Nevertheless, placing a plan in trust will always involve a little more effort on the part of the adviser than not doing so.

But there is a growing trend for providers to make this process even easier with the use of online trusts. Several providers offer this in slightly different guises but this is generally in the form of a trust request rather than a formal deed.

This involves the customer making a declaration to their adviser that they want their policy to be written under trust.

The adviser then completes the details of any trustees and/or beneficiaries online and submits the form to the insurance company.

Once complete copies will be sent to the client and their trustees and no signatures are generally required.

The main drawback is that this process is only available for new applications and must be completed before the policy starts in order for the trust to be valid. 

You’re also never quite sure whether the trustees have accepted their appointment and are willing to act when the time comes.

But wouldn’t it be good if online trusts could be offered for existing plans as well.  Well the truth is they can, as long as an appropriate process is used.

Royal London is looking for your feedback on our facility for our most frequently used trusts.
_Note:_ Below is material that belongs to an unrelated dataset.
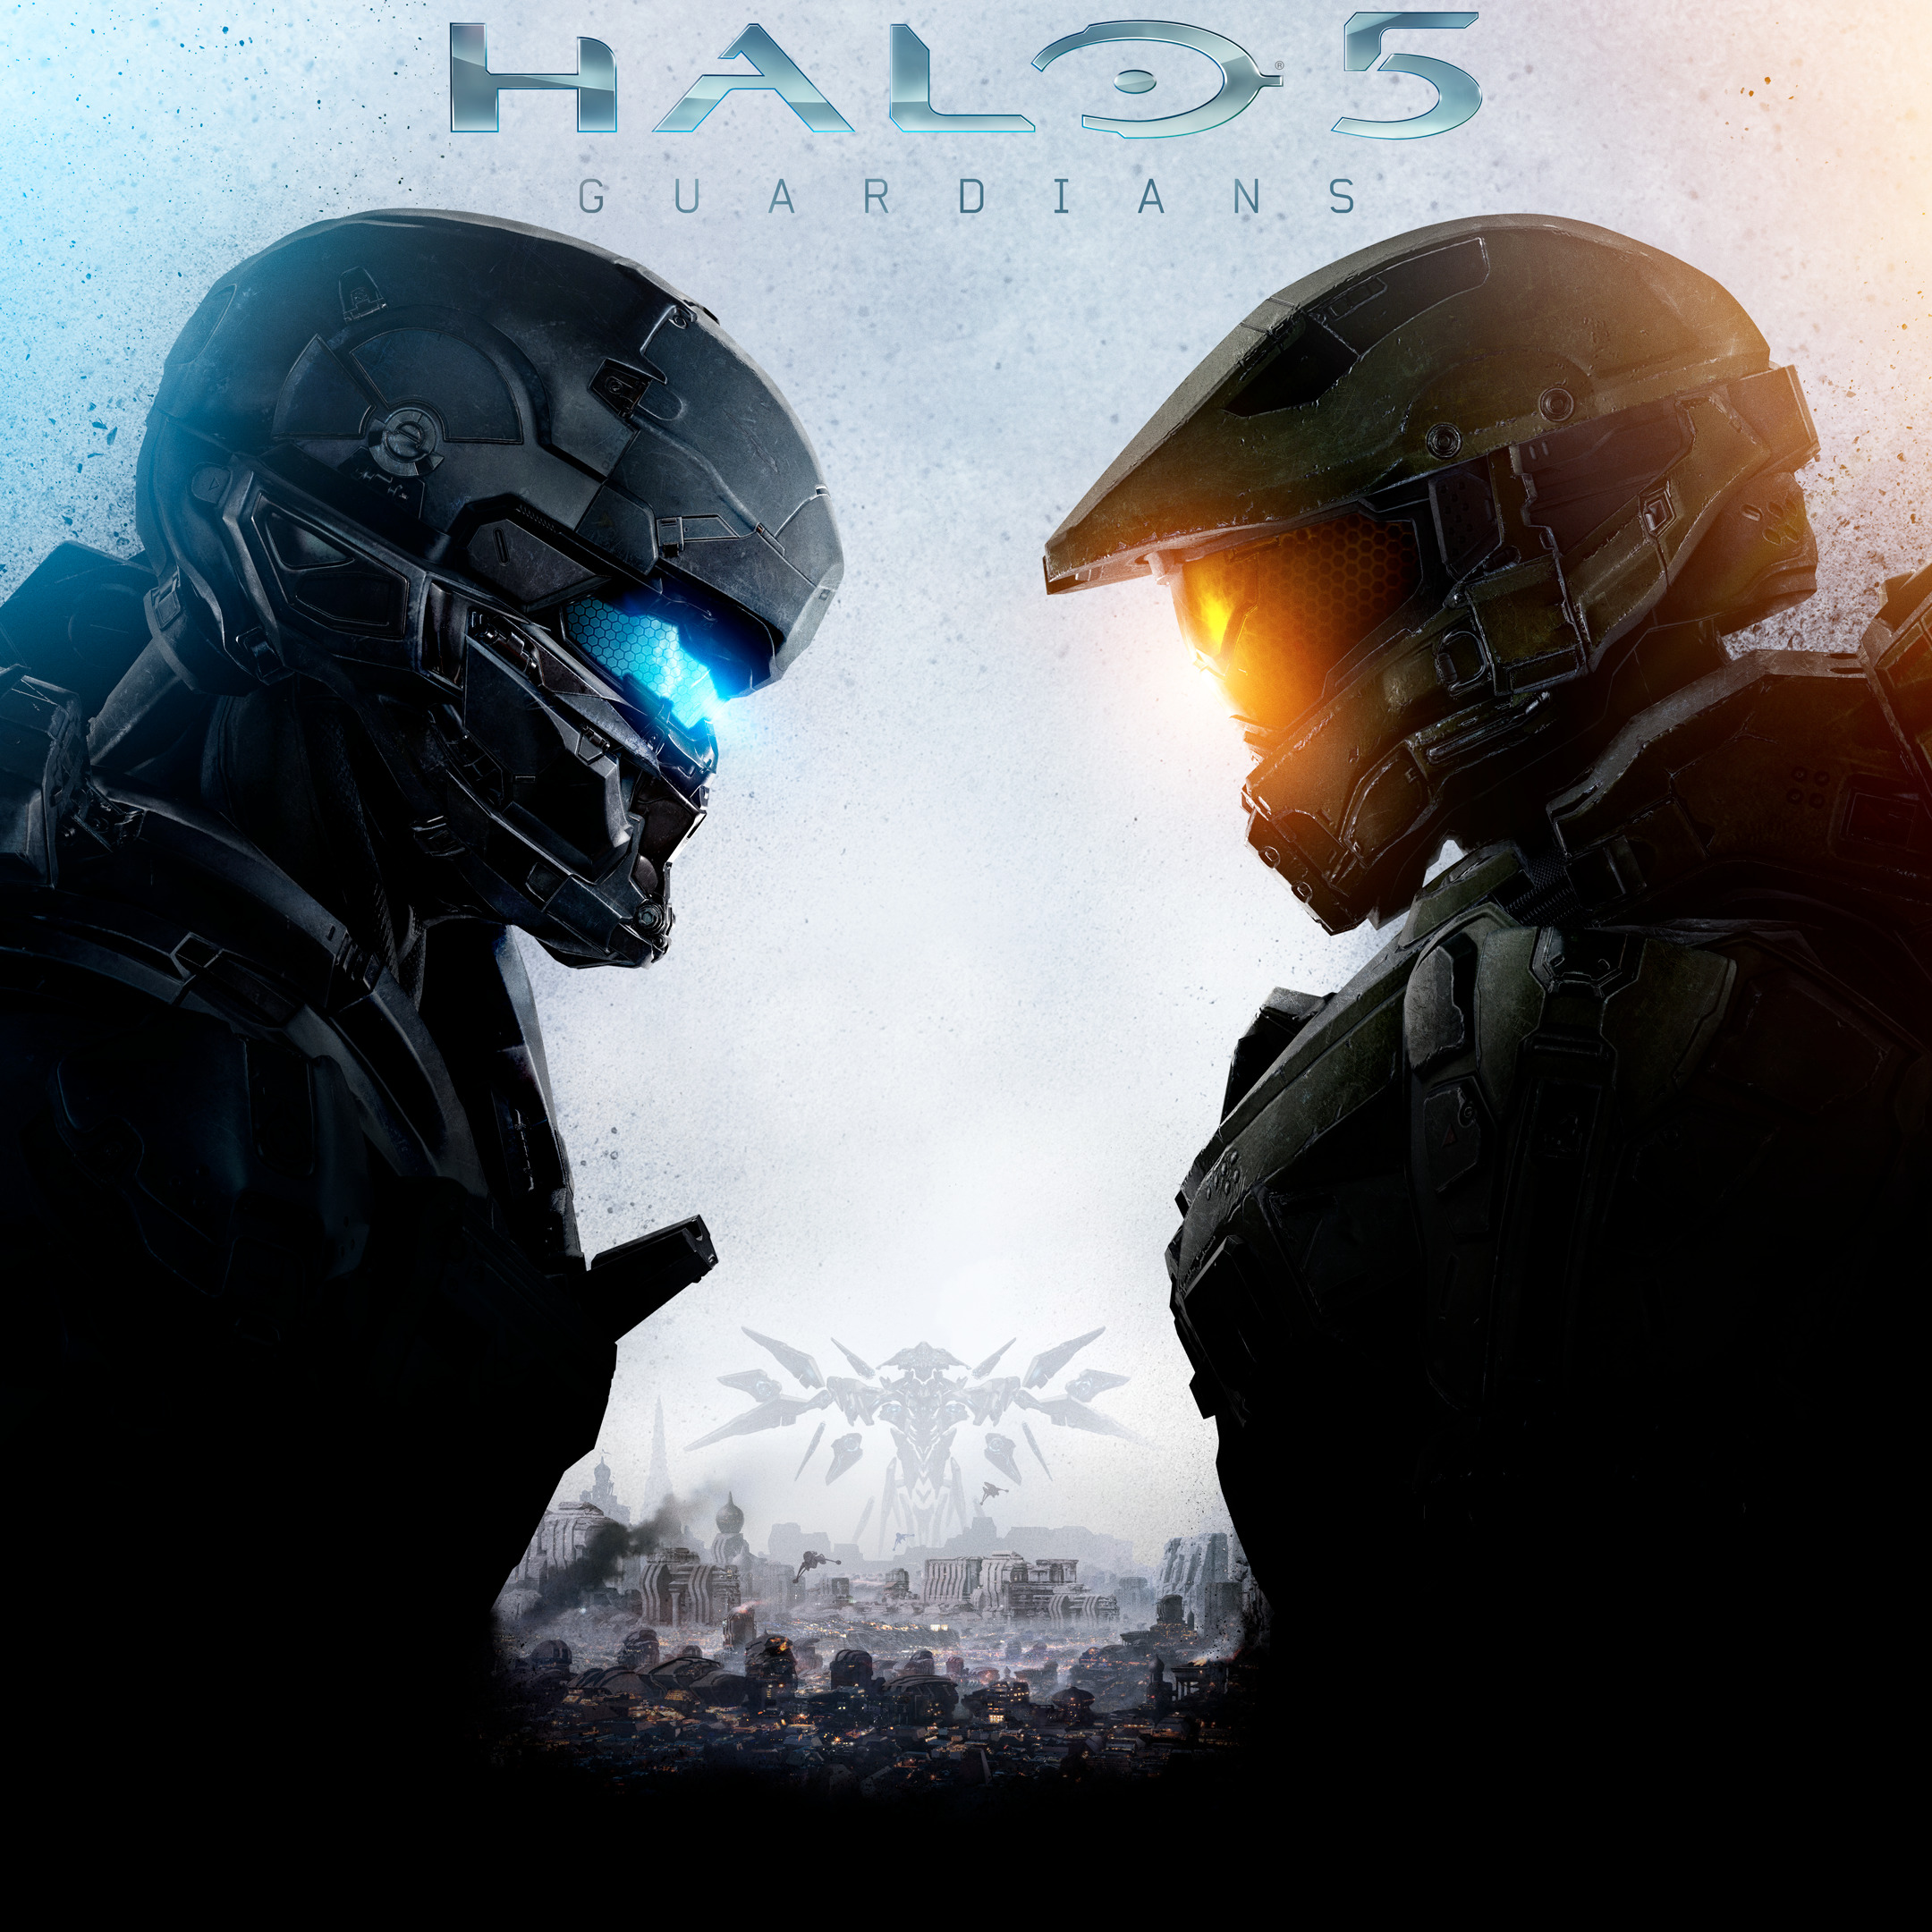 Best 'Halo' Games, Ranked - Metacritic
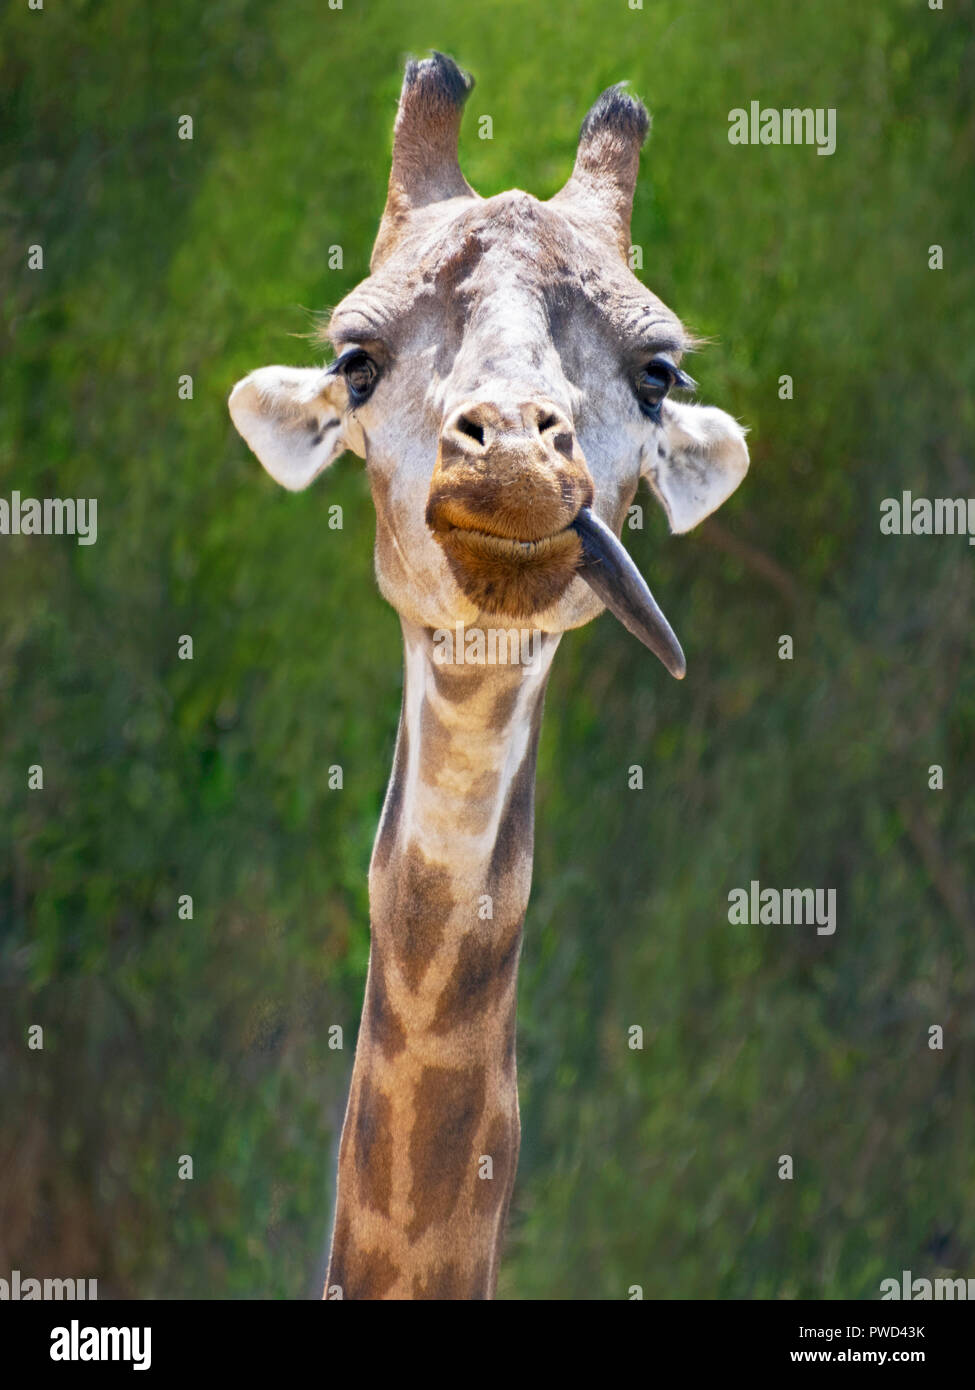 Ein lustiges Dumme suchen Jugendliche giraffe seine Zunge heraus auf eine unscharfe meliert grün Hintergrund Stockfoto

Other trusts and the deeds used to amend them will follow in due course to allow you to make the most of the trusts we have available.

The process is a little more involved than a trust request and just like a paper form requires a signature from each of the client, a witness and the trustees in order for a valid deed to be created. 

But by using electronic signatures the time taken and effort needed to complete the form can be significantly reduced in comparison to a paper form. 

As long as you have up-to-date email addresses and mobile numbers for each client and their trustees, the process allows all parties to sign within minutes of each other, even if they are hundreds of miles apart, and removes the risk of delays or the form getting ‘lost in the post’.